Кроме школьных, были еще семейные фотографии. Несколько поколений Родецких. Молодая бабушка Мария в форме сестры милосердия (Артистическая фотография И. И. Розенблата, Екатеринбург, 1912). Молодой дед Станислав Родецкий в офицерской форме. Поручик царской армии, поляк, из мелких дворян. Тот же год, тот же город. Клеймо той же Артистической фотографии. Они познакомились, когда пришли забирать снимки.

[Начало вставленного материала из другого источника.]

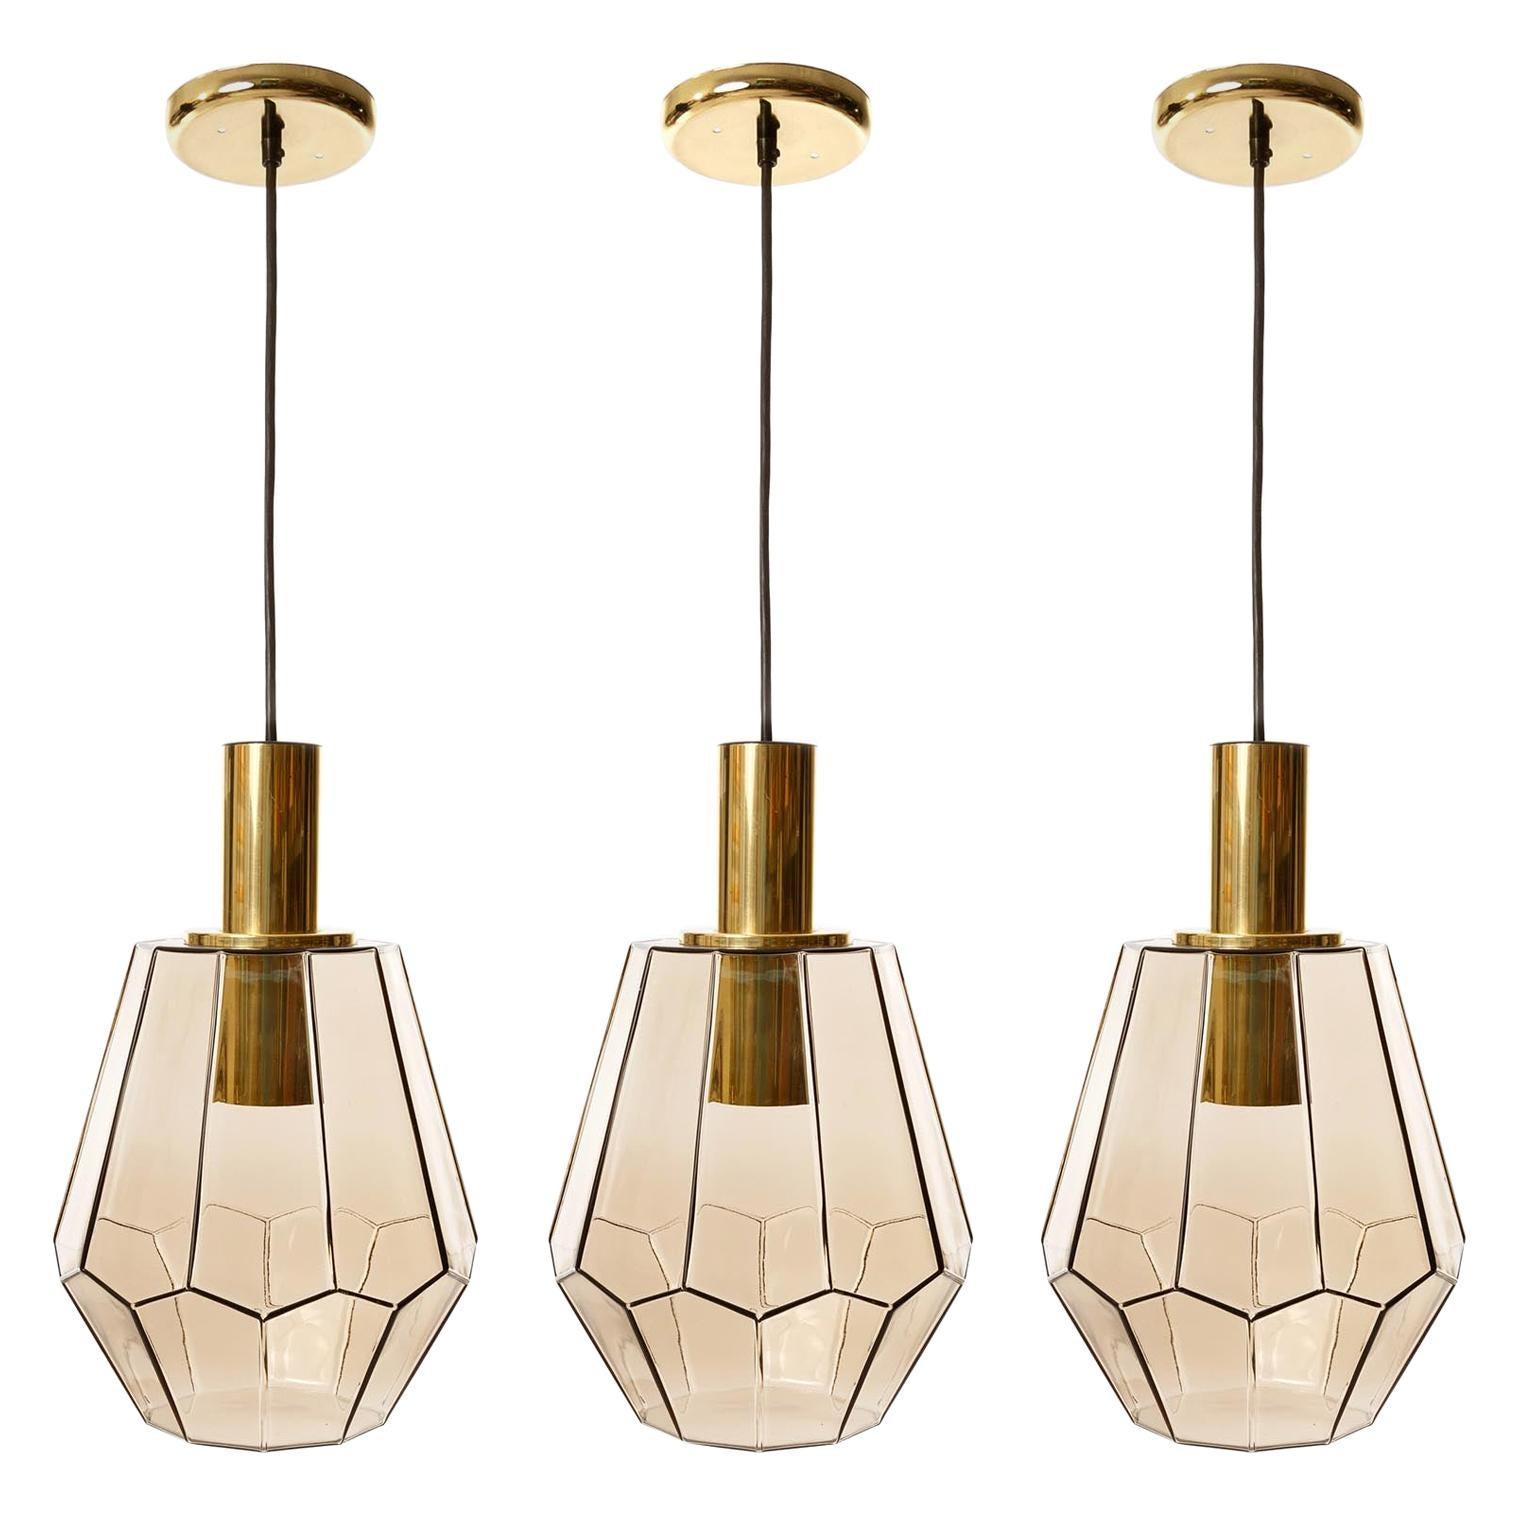 Set of Three Limburg Pendant Lights, Brass and Amber Smoked Glass, 1970s

Пухлый испуганный младенец в кружевной сорочке на фоне кудрявого грота, намалеванного на фанерной декорации. Фотография Фр. Де Мезера, Москва, 1917. Годовалый Саша Родецкий. Отец Бориса Александровича.

На всех прочих снимках уже не было вензелей фотографов, не было никаких кружев и гротов. Дед Станислав в красноармейской форме, бабушка Мария в потертой кожанке, стриженая, суровая. Папа-школьник под портретом Сталина, в пионерском галстуке.

В 1912 году дед-католик принял православие, чтобы обвенчаться с Марией Кузиной, которая происходила из строгой купеческой семьи. В 1919-м дед-офицер перешел из Белой армии в Красную, чтобы избежать расстрела.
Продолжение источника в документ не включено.